After negotiating a few goats and several cyclists we paused at the tiny settlement of Torre Alháquime.
We drove up to the top of the village until the roads became too narrow for the car, or just became dead ends or transmogrified into steps. We abandoned the car in the only place big enough and continued with mountaineering kit to the summit, where we had our mandatory coffees con leche. Reversing around several blind corners, we found the tiny square where had had coffees. Locals were setting up some sort of event involving tables, tablecloths and food. After getting a small white van to reverse out of our way and some of the tables dismantled and pushed aside, we squeezed out! Just! As Glenda said, we should have parked at the bottom and walked up. But that wouldn’t have been any fun!
Back on the road, we were joined by a peloton of cyclists. Their uniform identified them as the Sentenil Road Racing Team. Worryingly, they were passing us on the uphill stretches, not just the downhill bits!
Sentenil de las Bodegas, as it is known locally, is “famous” for its whitewashed houses built into the surrounding cliffs.
Sadly, that’s not my photograph. The town was a traffic jam with coach-loads of weekend tourists. The only things moving were the cycling team weaving their way around coaches and cars! Well, obviously, that’s not strictly true because we escaped by back roads towards Ronda. But there was no parking for miles. Apparently, the town’s hilltop castle was once an Arab fortress. So it sounds like a good place to visit – on a weekday!
And so, into Ronda. Parking on the outskirts, we walked a mile on the Avenida Malaga directly into the central shopping zone. There seemed to me to be a lot of shoe shops and little boutiques but Glenda came out unladen.

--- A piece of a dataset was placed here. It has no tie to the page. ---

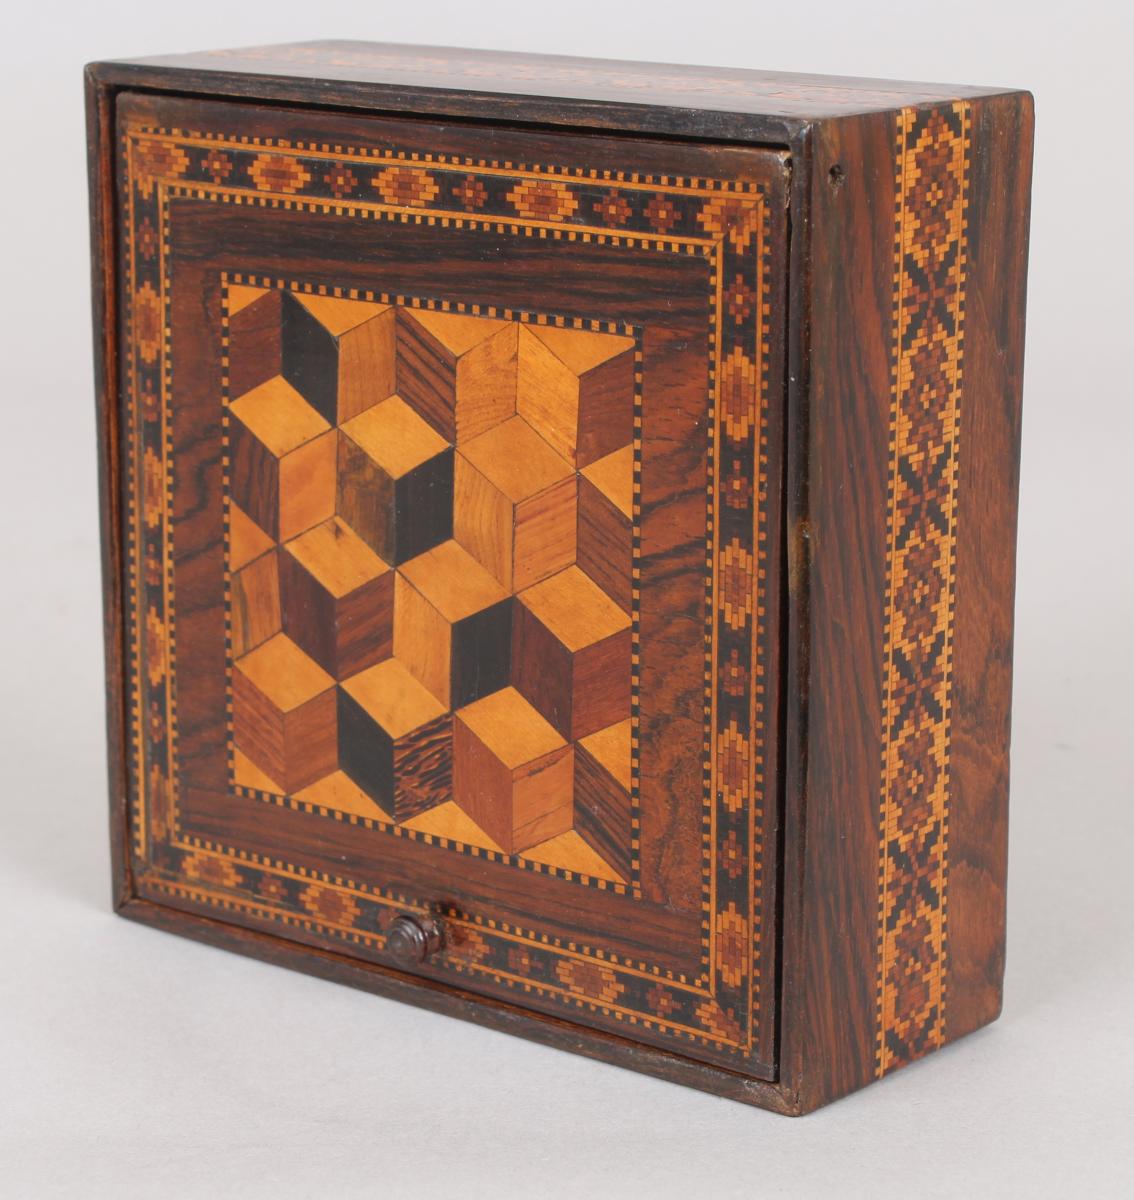 Victorian Tunbridge-ware square box

We found the Puente Nuevo (“New” Bridge) just where it was last time we visited the city.
It’s the newest and largest of three bridges that spanned the 120-metre-deep chasm that carries the Guadalevín River and divides the city of Ronda. But everything is relative! It was completed in 1793. So it’s not really very nuevo!
Drinks on the small terrace of the parador right beside the bridge; serenaded by a guitarist. All very romantic!
Actually, I don’t think he was playing just for us, but he was very accomplished. There is a lovely walkway that has been constructed on and, in places, over the edge of the cliffs. This gives a superb view over the surrounding countryside. But best for non sufferers of vertigo!
There were several peregrine falcons wheeling and swooping along the cliff edge. Very acrobatic! Other wildlife around seemed a little more intimidating…
Time for home, by the main roads – when we eventually work out what the road we want has been renumbered as. Maybe we should invest in a map printed this century!
More from Olvera to follow.
Ronda looks beautiful. The last time I said that, I got a backhander from Marie – well, I was referring to her best friend, in tones that were a tad too enthusiastic.
You visit very beautiful places.
When I go to Ronda I will certainly give the
” a lovely walkway that has been constructed on and, in places, over the edge of the cliffs. This gives a superb view over the surrounding countryside.” a WIDE berth.